* [Problem requirements]:
Print all entries word for word.

* [Task material]:
..............................

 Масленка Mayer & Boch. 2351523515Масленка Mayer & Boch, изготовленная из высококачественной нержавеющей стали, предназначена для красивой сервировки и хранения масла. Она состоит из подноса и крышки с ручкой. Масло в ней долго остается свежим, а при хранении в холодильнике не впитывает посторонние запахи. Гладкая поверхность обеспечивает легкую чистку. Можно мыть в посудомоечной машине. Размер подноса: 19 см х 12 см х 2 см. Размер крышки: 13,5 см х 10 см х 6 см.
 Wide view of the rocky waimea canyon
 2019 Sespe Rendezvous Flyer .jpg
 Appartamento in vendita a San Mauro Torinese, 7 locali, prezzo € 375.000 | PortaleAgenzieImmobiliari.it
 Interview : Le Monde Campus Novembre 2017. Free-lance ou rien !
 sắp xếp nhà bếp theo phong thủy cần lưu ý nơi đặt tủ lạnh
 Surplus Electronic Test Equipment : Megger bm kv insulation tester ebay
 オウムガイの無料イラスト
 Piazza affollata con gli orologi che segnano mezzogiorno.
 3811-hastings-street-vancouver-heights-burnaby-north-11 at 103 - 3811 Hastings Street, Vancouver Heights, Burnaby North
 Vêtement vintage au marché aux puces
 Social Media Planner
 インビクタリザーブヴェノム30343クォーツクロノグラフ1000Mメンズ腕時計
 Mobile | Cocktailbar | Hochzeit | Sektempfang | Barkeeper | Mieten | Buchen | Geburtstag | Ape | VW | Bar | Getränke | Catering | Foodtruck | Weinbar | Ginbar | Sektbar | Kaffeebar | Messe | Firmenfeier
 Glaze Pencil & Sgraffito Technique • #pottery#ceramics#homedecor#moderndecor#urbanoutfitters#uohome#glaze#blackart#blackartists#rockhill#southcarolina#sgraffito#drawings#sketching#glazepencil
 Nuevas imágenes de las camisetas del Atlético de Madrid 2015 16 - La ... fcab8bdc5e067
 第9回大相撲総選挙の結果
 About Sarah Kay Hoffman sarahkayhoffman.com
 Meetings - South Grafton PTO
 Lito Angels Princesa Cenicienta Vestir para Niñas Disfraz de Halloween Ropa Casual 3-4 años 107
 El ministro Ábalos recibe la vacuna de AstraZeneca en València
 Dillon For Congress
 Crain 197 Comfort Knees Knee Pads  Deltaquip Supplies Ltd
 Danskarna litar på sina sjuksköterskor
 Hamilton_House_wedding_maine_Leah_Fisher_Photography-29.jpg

..............................

* [Exercise output]:
 Масленка Mayer & Boch. 2351523515Масленка Mayer & Boch, изготовленная из высококачественной нержавеющей стали, предназначена для красивой сервировки и хранения масла. Она состоит из подноса и крышки с ручкой. Масло в ней долго остается свежим, а при хранении в холодильнике не впитывает посторонние запахи. Гладкая поверхность обеспечивает легкую чистку. Можно мыть в посудомоечной машине. Размер подноса: 19 см х 12 см х 2 см. Размер крышки: 13,5 см х 10 см х 6 см.
 Wide view of the rocky waimea canyon
 2019 Sespe Rendezvous Flyer .jpg
 Appartamento in vendita a San Mauro Torinese, 7 locali, prezzo € 375.000 | PortaleAgenzieImmobiliari.it
 Interview : Le Monde Campus Novembre 2017. Free-lance ou rien !
 sắp xếp nhà bếp theo phong thủy cần lưu ý nơi đặt tủ lạnh
 Surplus Electronic Test Equipment : Megger bm kv insulation tester ebay
 オウムガイの無料イラスト
 Piazza affollata con gli orologi che segnano mezzogiorno.
 3811-hastings-street-vancouver-heights-burnaby-north-11 at 103 - 3811 Hastings Street, Vancouver Heights, Burnaby North
 Vêtement vintage au marché aux puces
 Social Media Planner
 インビクタリザーブヴェノム30343クォーツクロノグラフ1000Mメンズ腕時計
 Mobile | Cocktailbar | Hochzeit | Sektempfang | Barkeeper | Mieten | Buchen | Geburtstag | Ape | VW | Bar | Getränke | Catering | Foodtruck | Weinbar | Ginbar | Sektbar | Kaffeebar | Messe | Firmenfeier
 Glaze Pencil & Sgraffito Technique • #pottery#ceramics#homedecor#moderndecor#urbanoutfitters#uohome#glaze#blackart#blackartists#rockhill#southcarolina#sgraffito#drawings#sketching#glazepencil
 Nuevas imágenes de las camisetas del Atlético de Madrid 2015 16 - La ... fcab8bdc5e067
 第9回大相撲総選挙の結果
 About Sarah Kay Hoffman sarahkayhoffman.com
 Meetings - South Grafton PTO
 Lito Angels Princesa Cenicienta Vestir para Niñas Disfraz de Halloween Ropa Casual 3-4 años 107
 El ministro Ábalos recibe la vacuna de AstraZeneca en València
 Dillon For Congress
 Crain 197 Comfort Knees Knee Pads  Deltaquip Supplies Ltd
 Danskarna litar på sina sjuksköterskor
 Hamilton_House_wedding_maine_Leah_Fisher_Photography-29.jpg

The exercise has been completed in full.